BEGIN Stored data

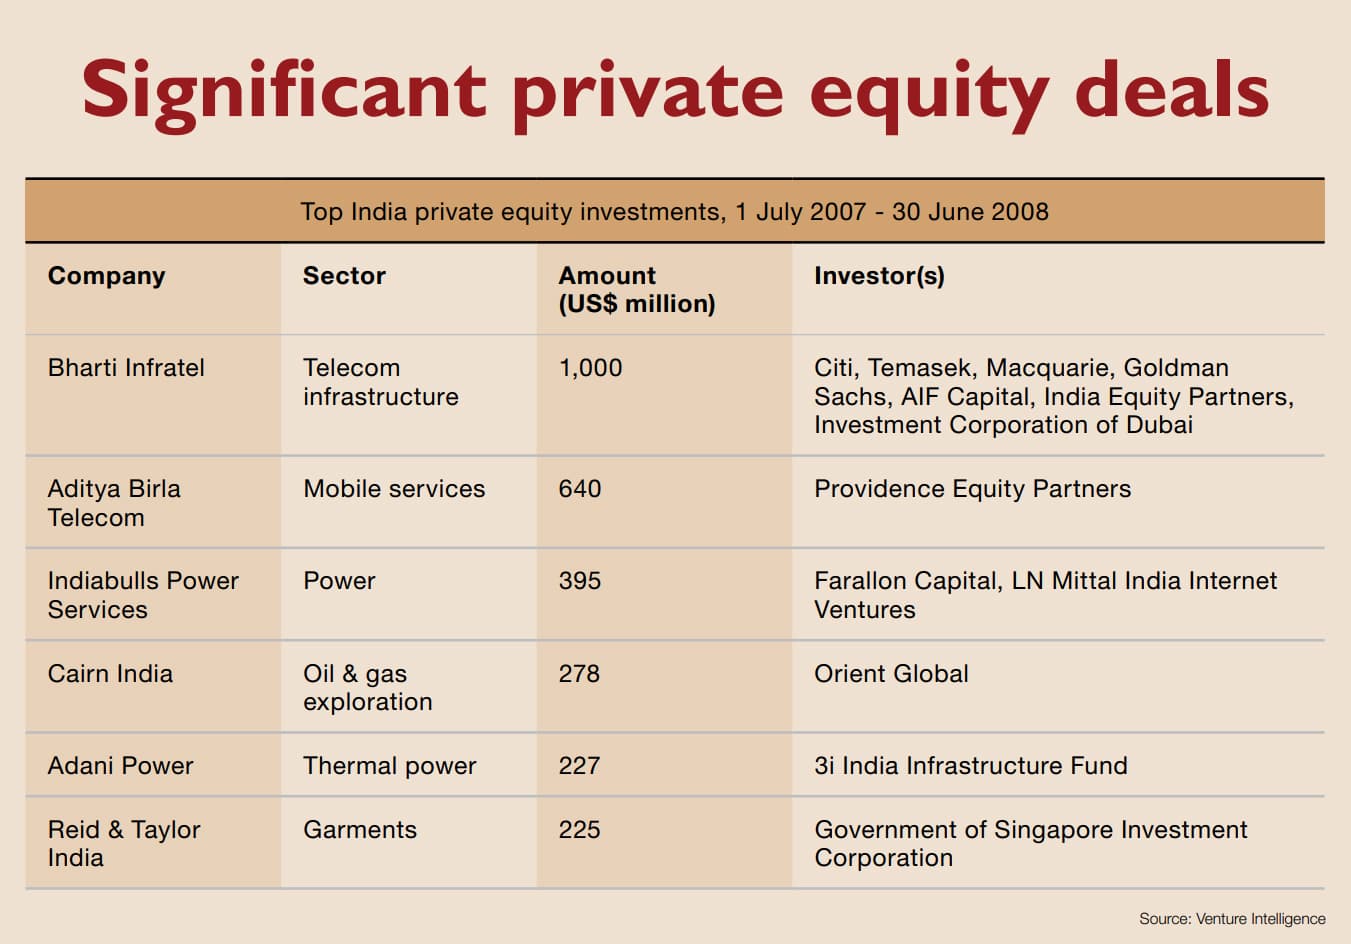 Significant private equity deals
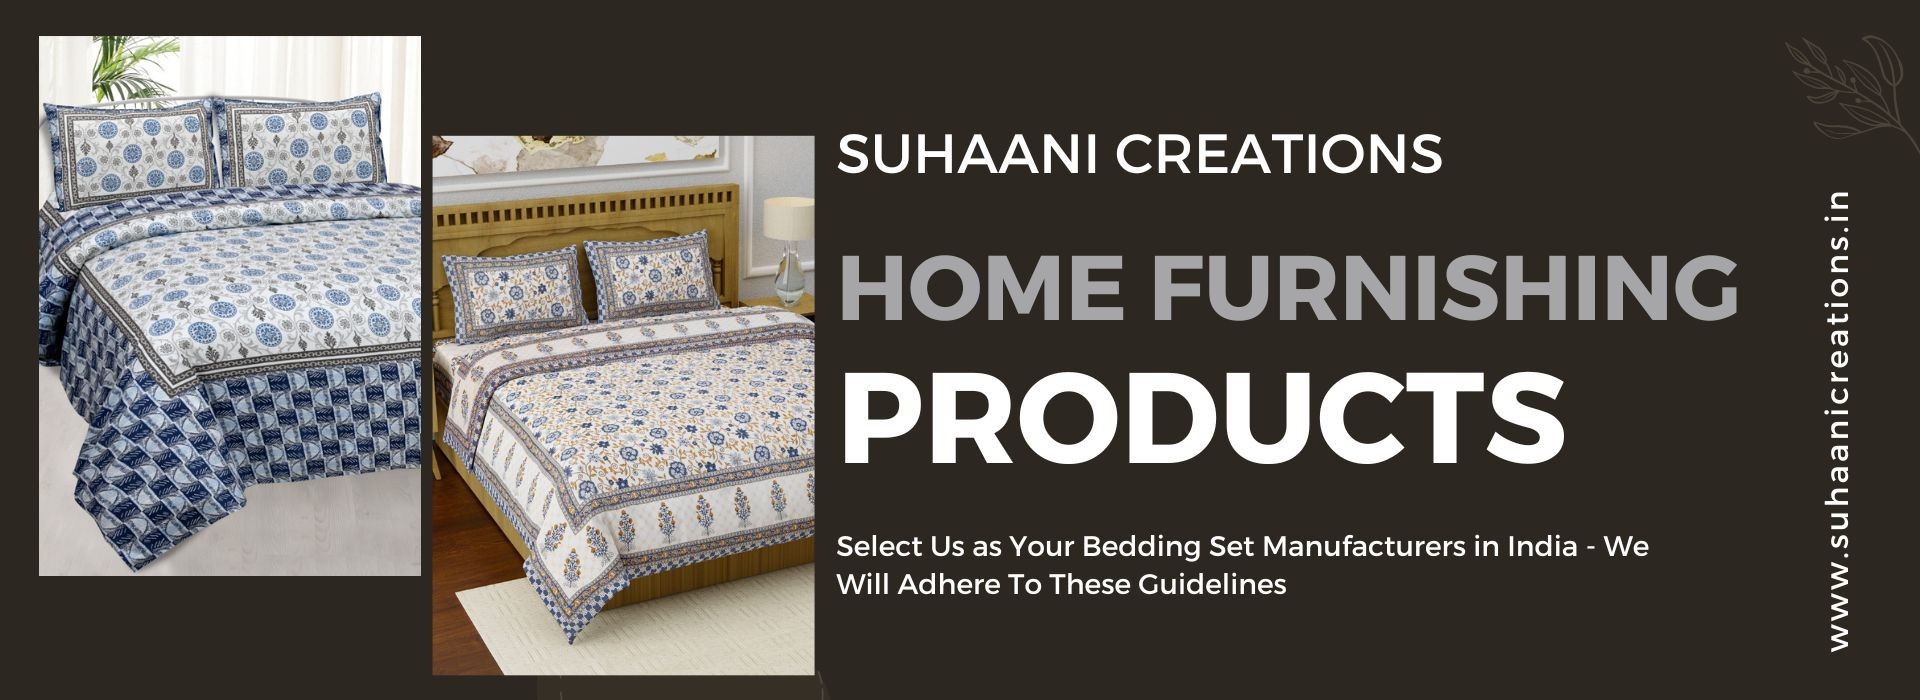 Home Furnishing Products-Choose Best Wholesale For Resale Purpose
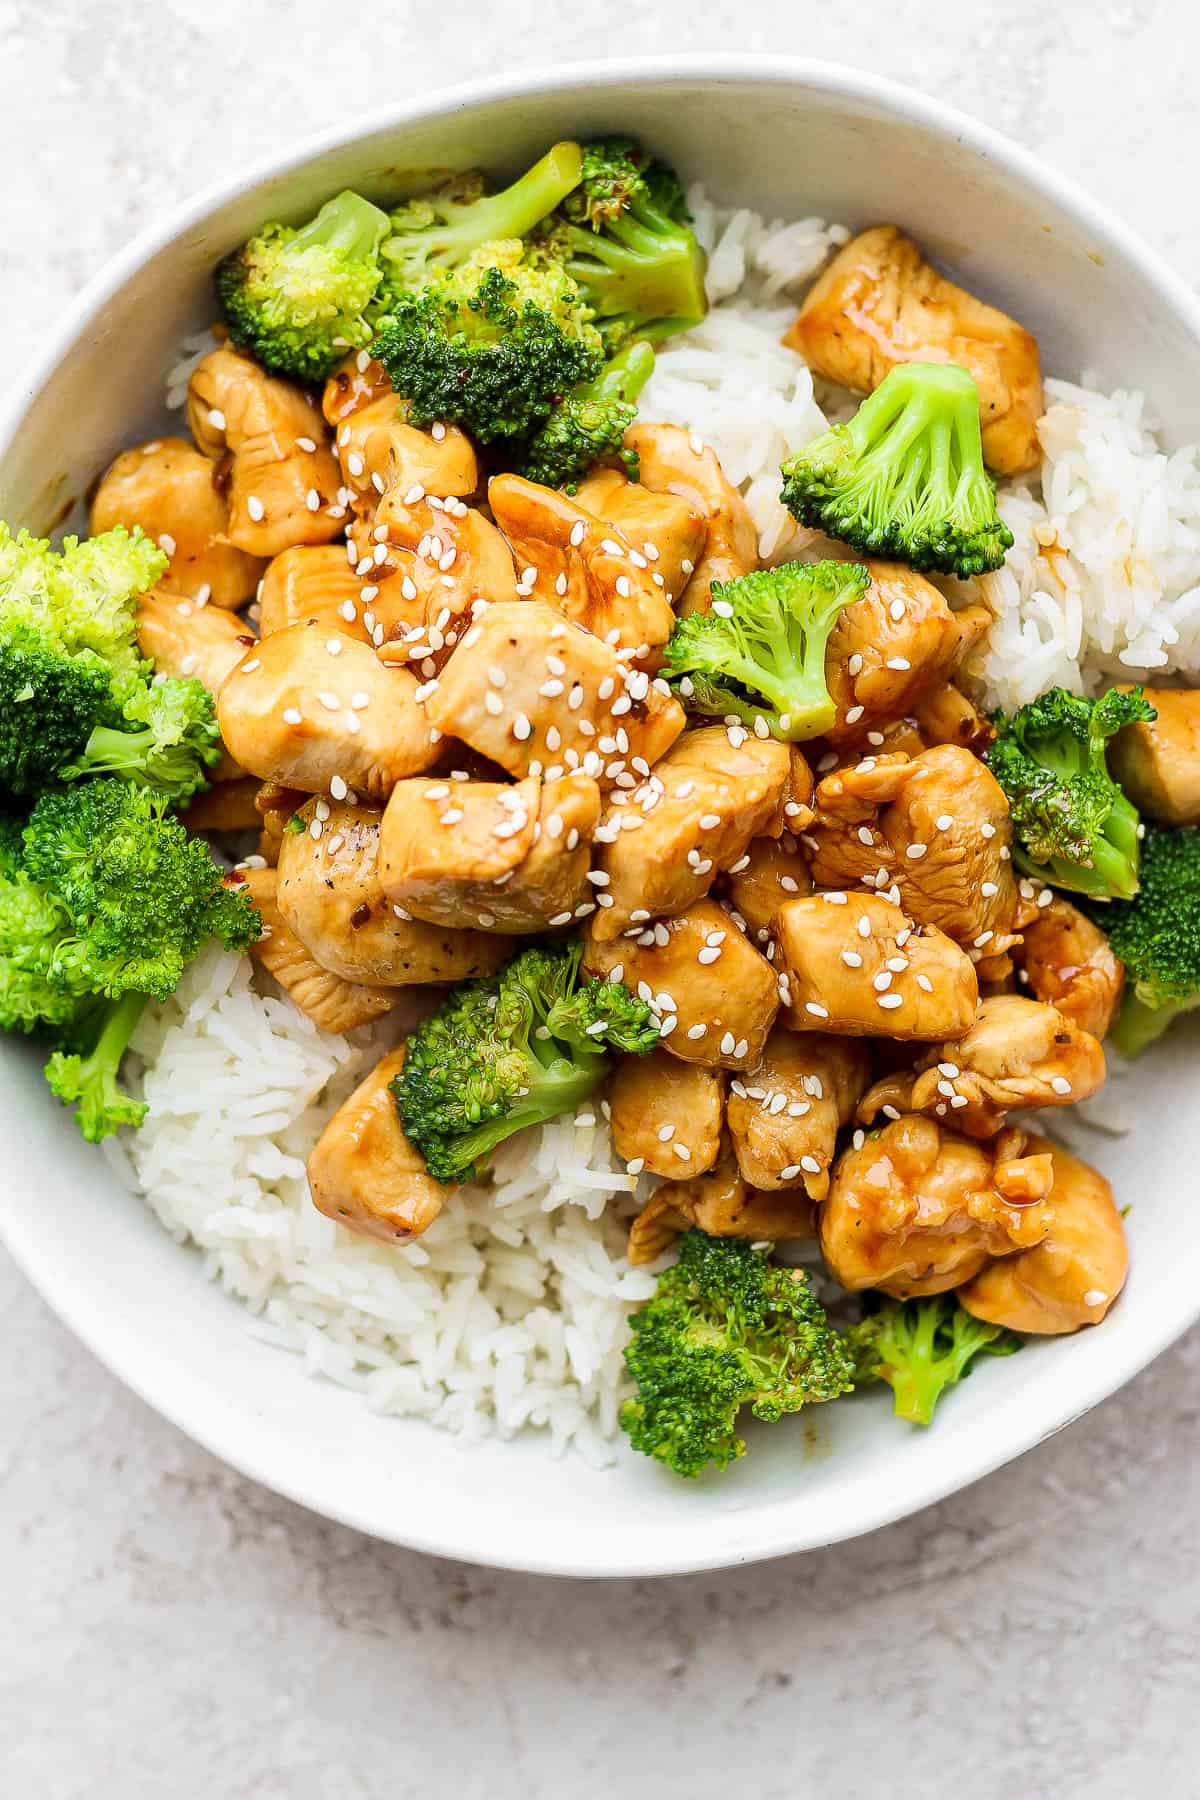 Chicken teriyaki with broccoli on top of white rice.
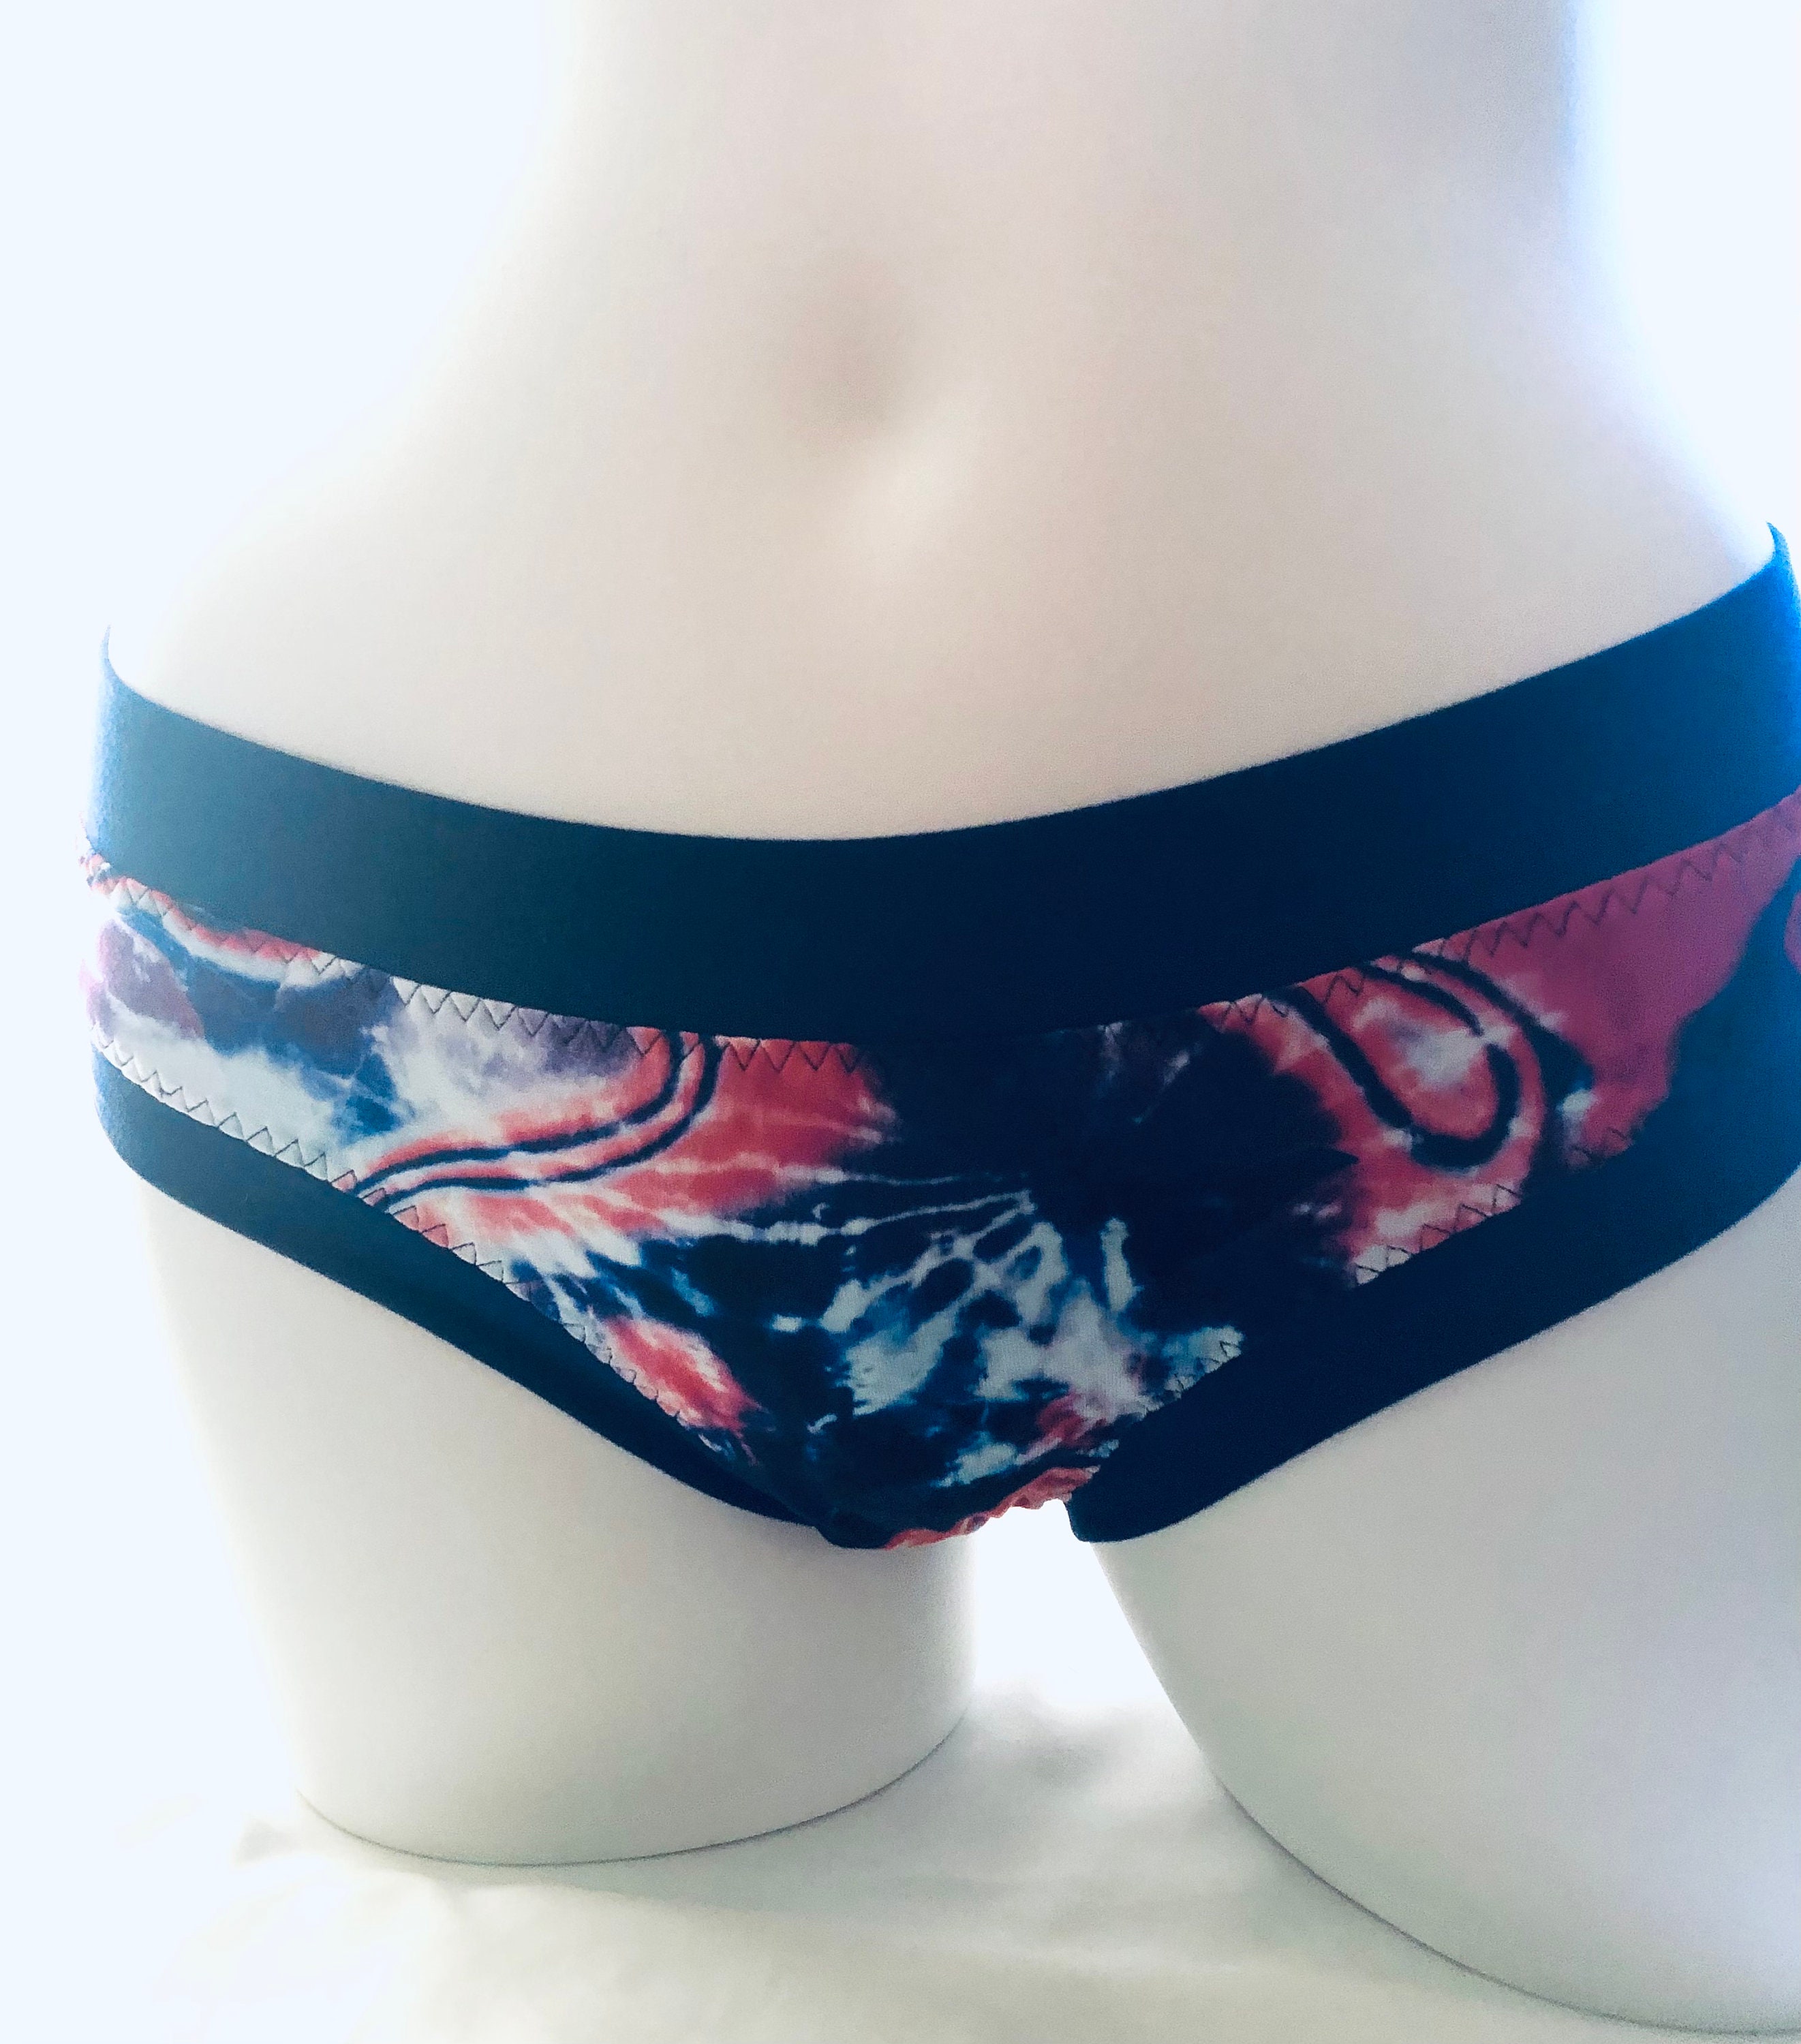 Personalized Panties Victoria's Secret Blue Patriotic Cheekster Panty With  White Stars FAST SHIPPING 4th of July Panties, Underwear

END Stored data

Repeat the listing above word for word, omitting the pictures.

 Significant private equity deals
 Home Furnishing Products-Choose Best Wholesale For Resale Purpose
 Chicken teriyaki with broccoli on top of white rice.
 Personalized Panties Victoria's Secret Blue Patriotic Cheekster Panty With  White Stars FAST SHIPPING 4th of July Panties, Underwear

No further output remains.